What the exercise asks:
Set down a true copy of the data, with all pictures left out.

Data block:
#####
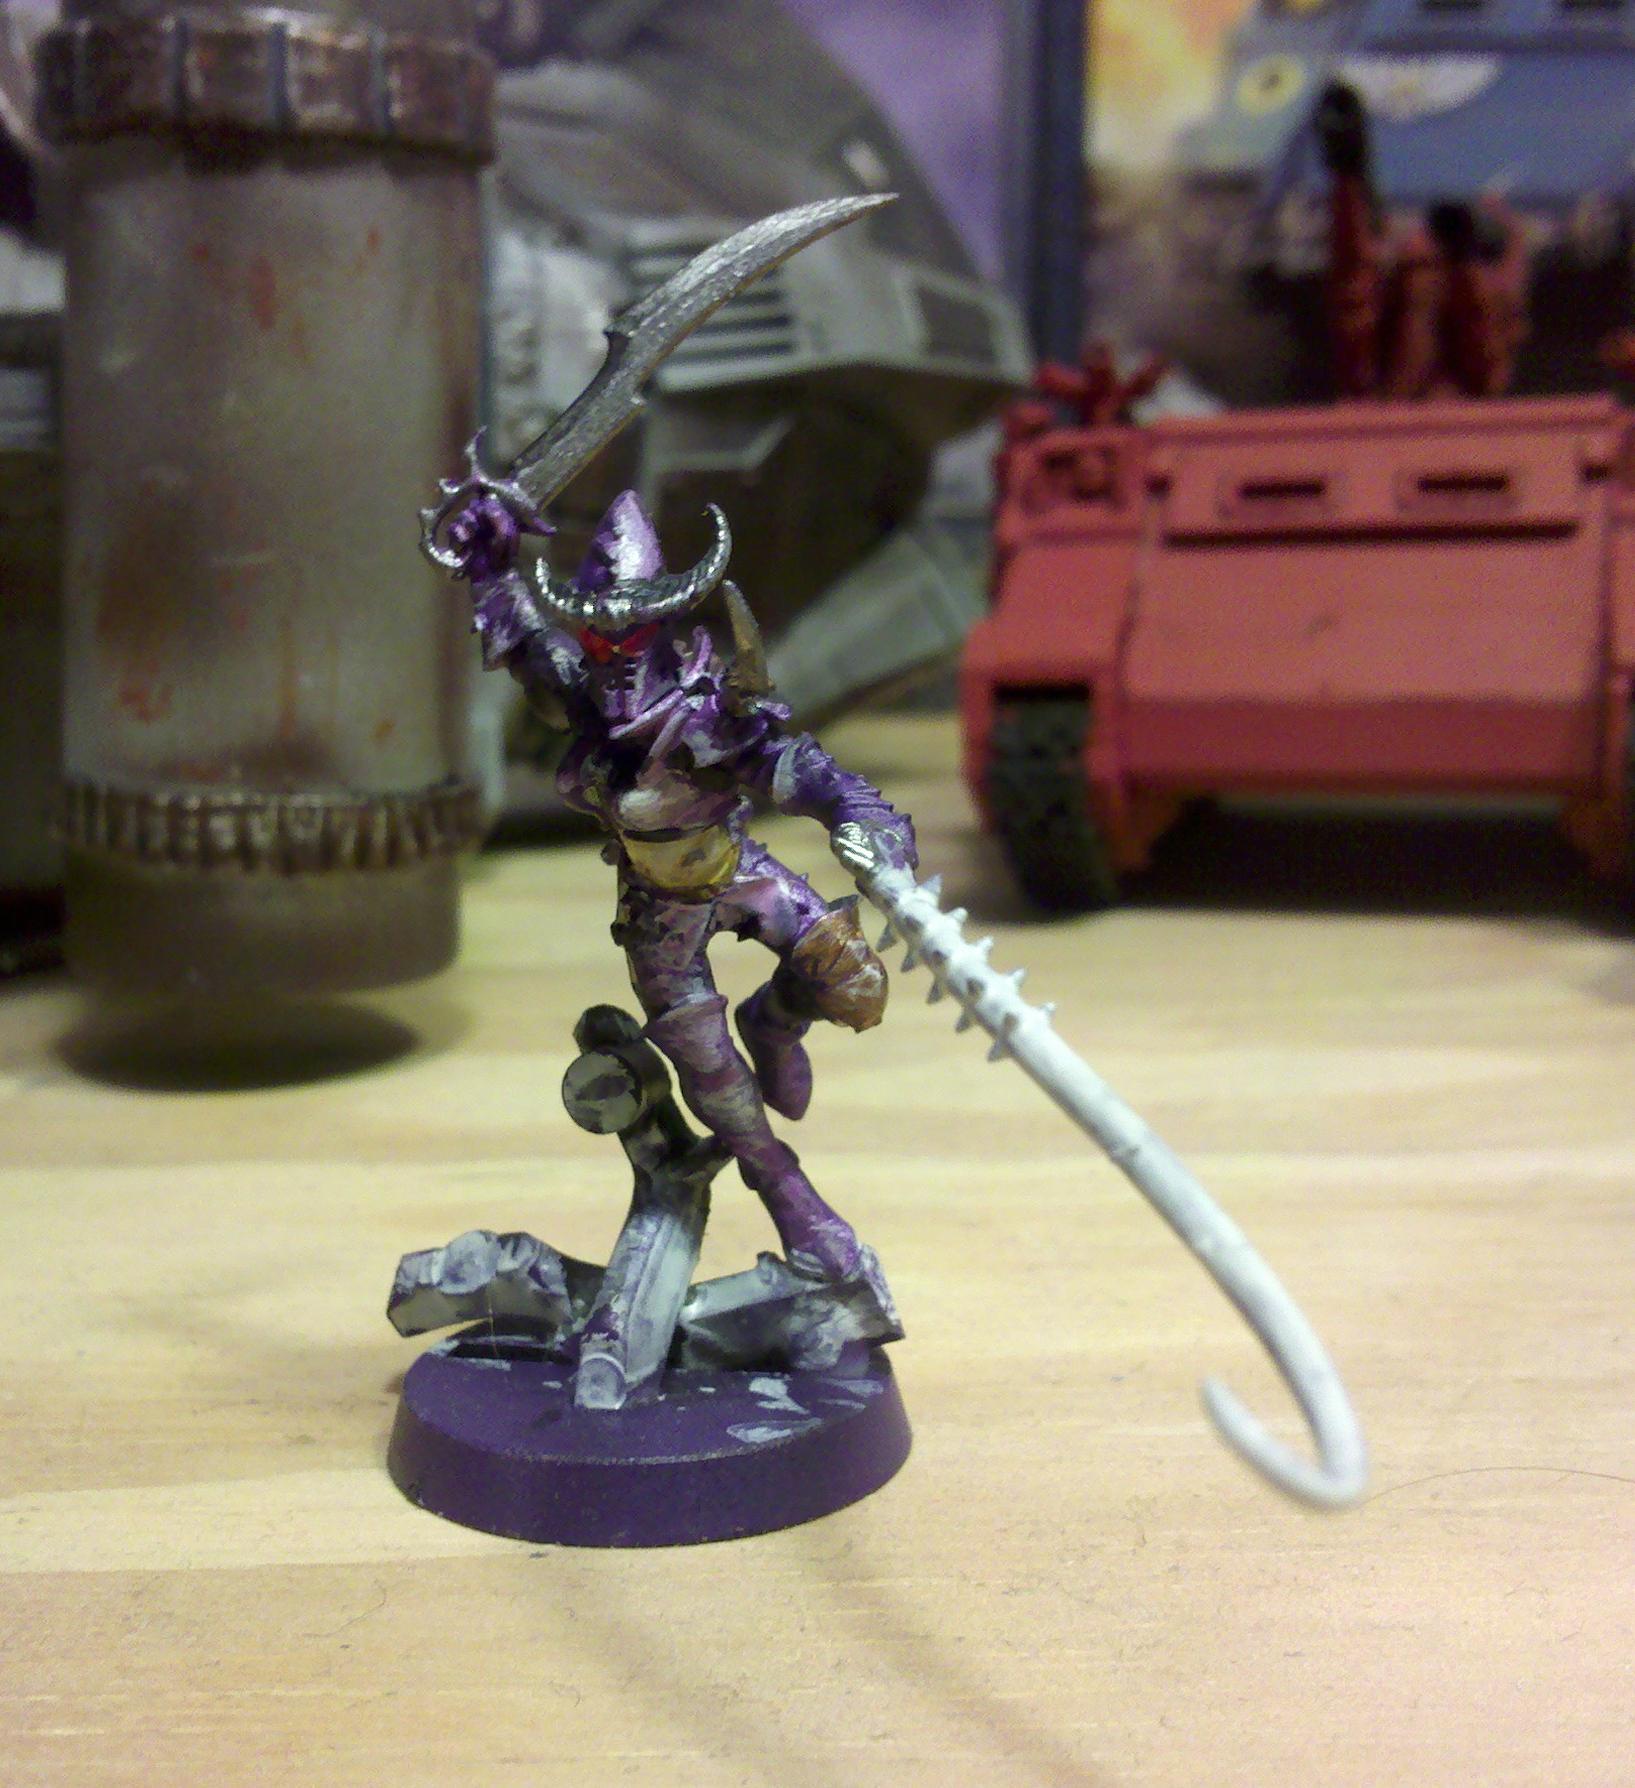 Agonizer, Custom, Dark Eldar, Hekatrix, Warriors, Wych
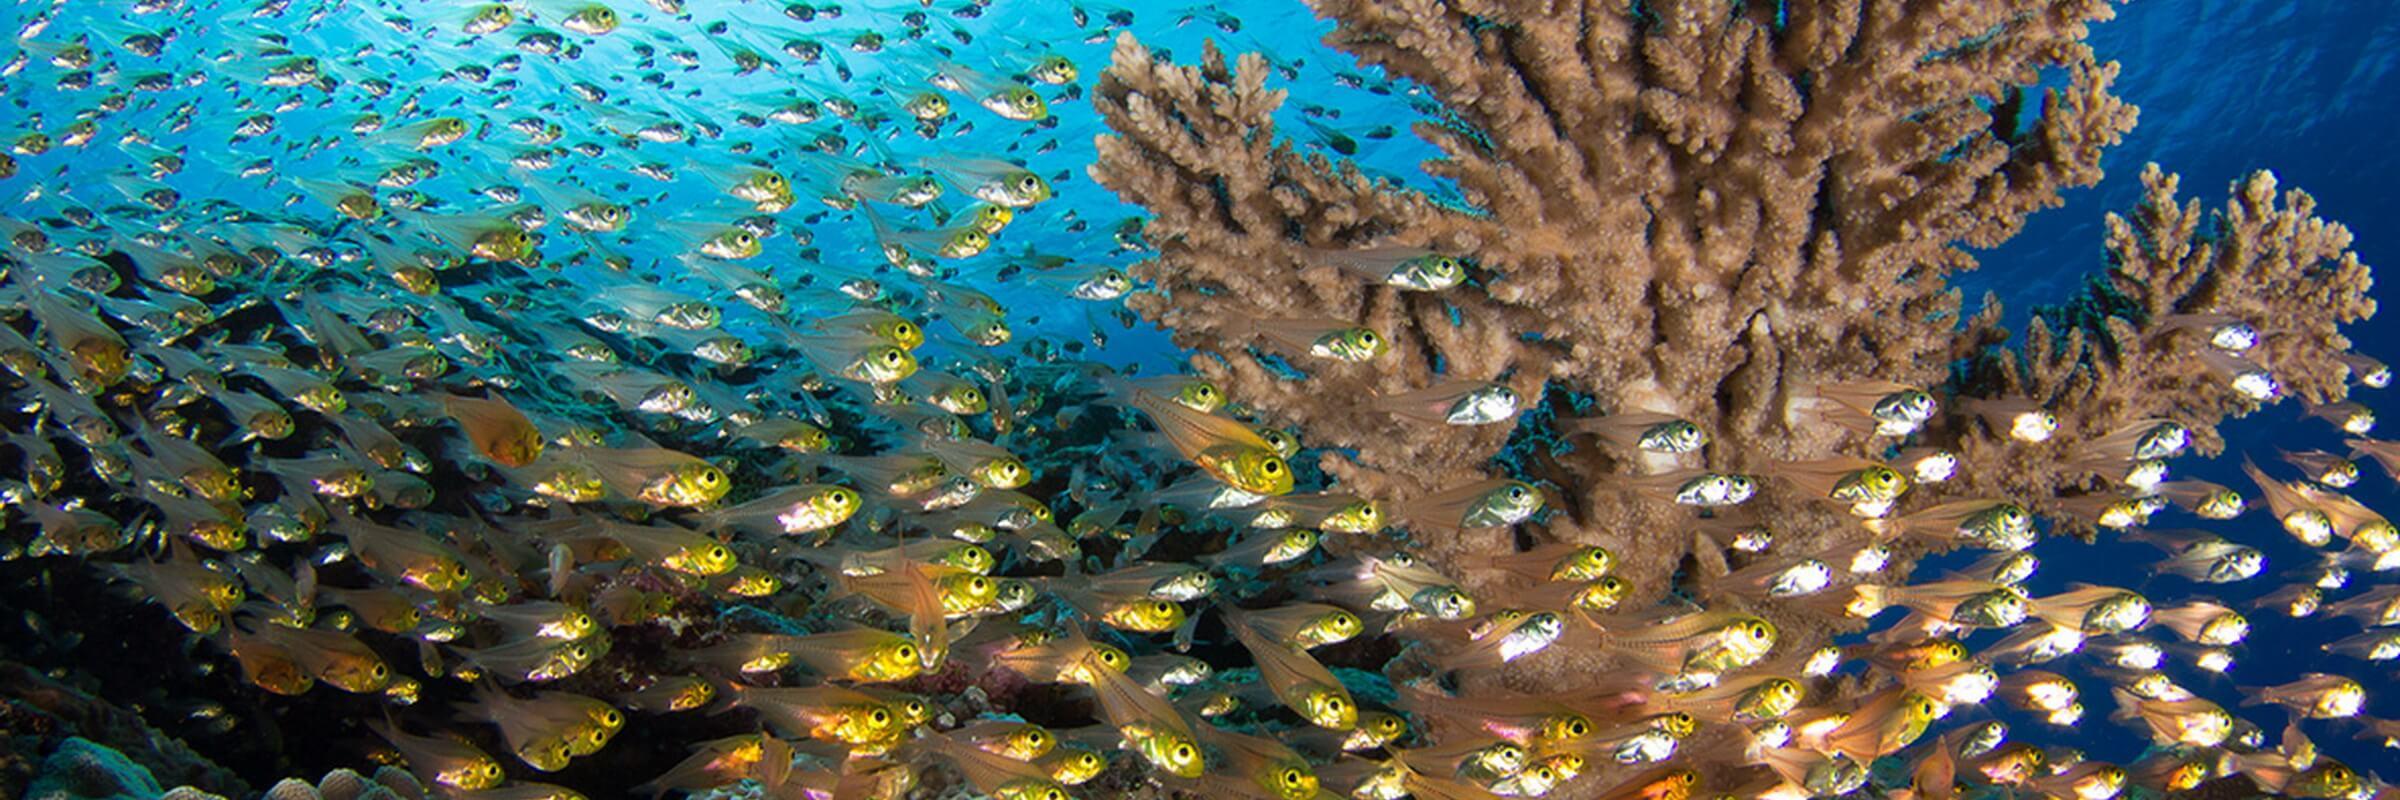 Die farbenprächtige Unterwasserflora und -Fauna rund um Yap beeindruckt selbst erfahrene Taucher.
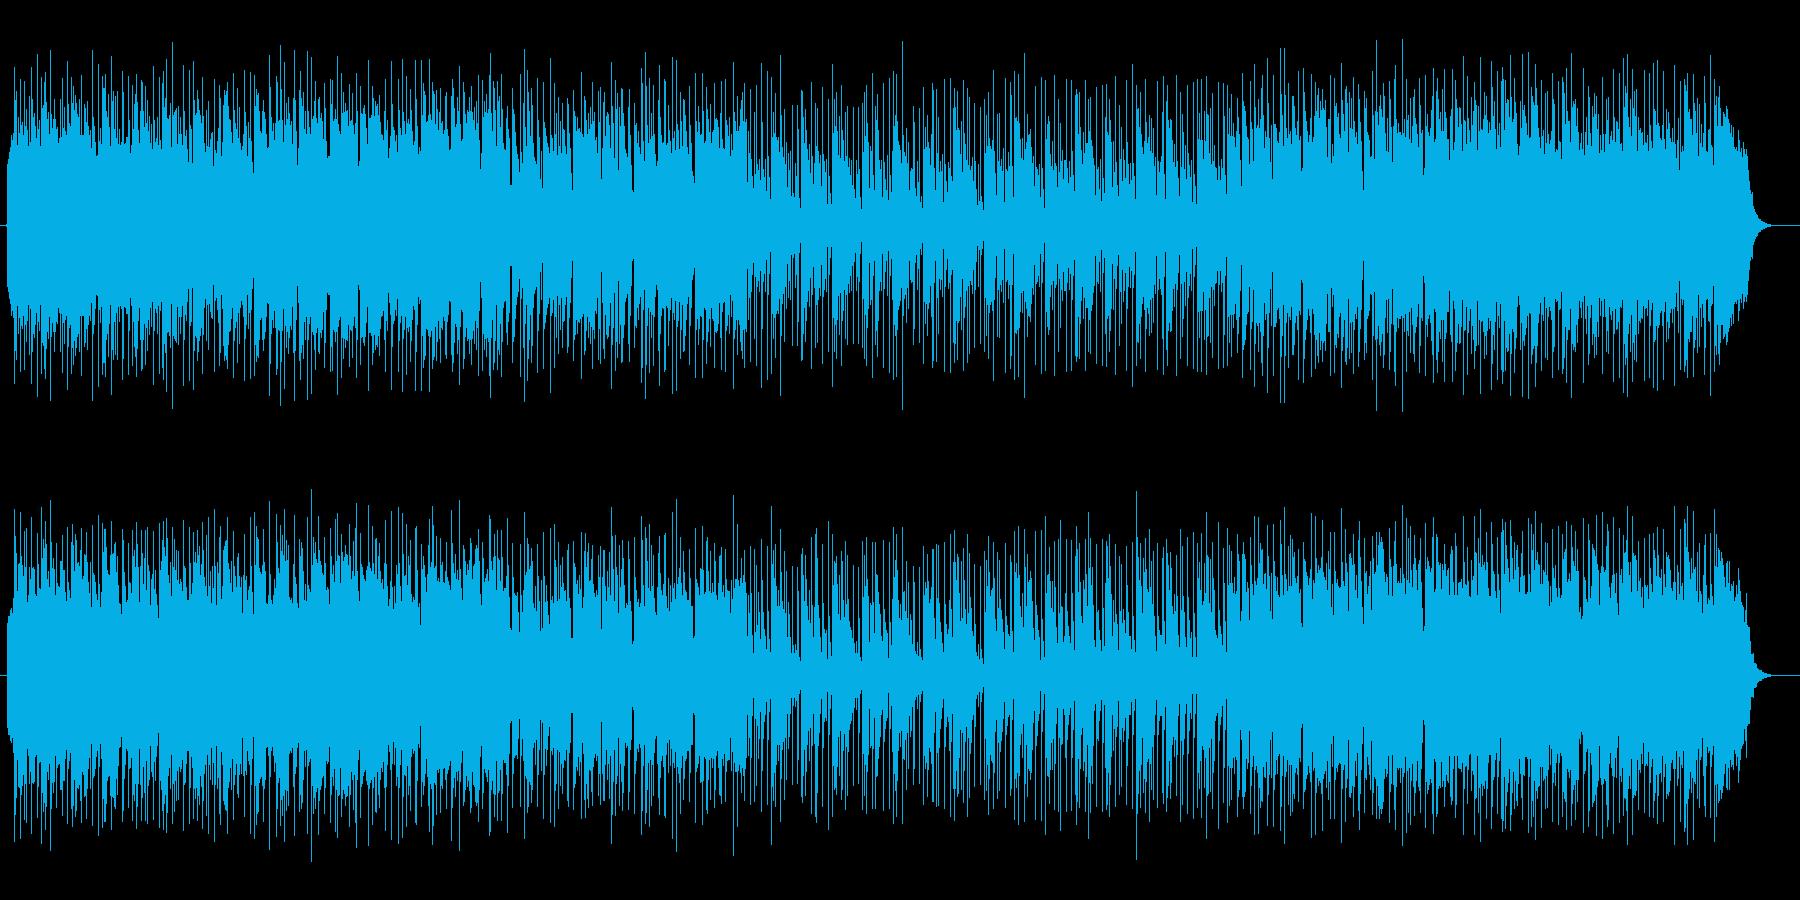 軽快で勢いのあるシンセが特徴のポップスの再生済みの波形
#####
Written solution:
 Agonizer, Custom, Dark Eldar, Hekatrix, Warriors, Wych
 Die farbenprächtige Unterwasserflora und -Fauna rund um Yap beeindruckt selbst erfahrene Taucher.
 軽快で勢いのあるシンセが特徴のポップスの再生済みの波形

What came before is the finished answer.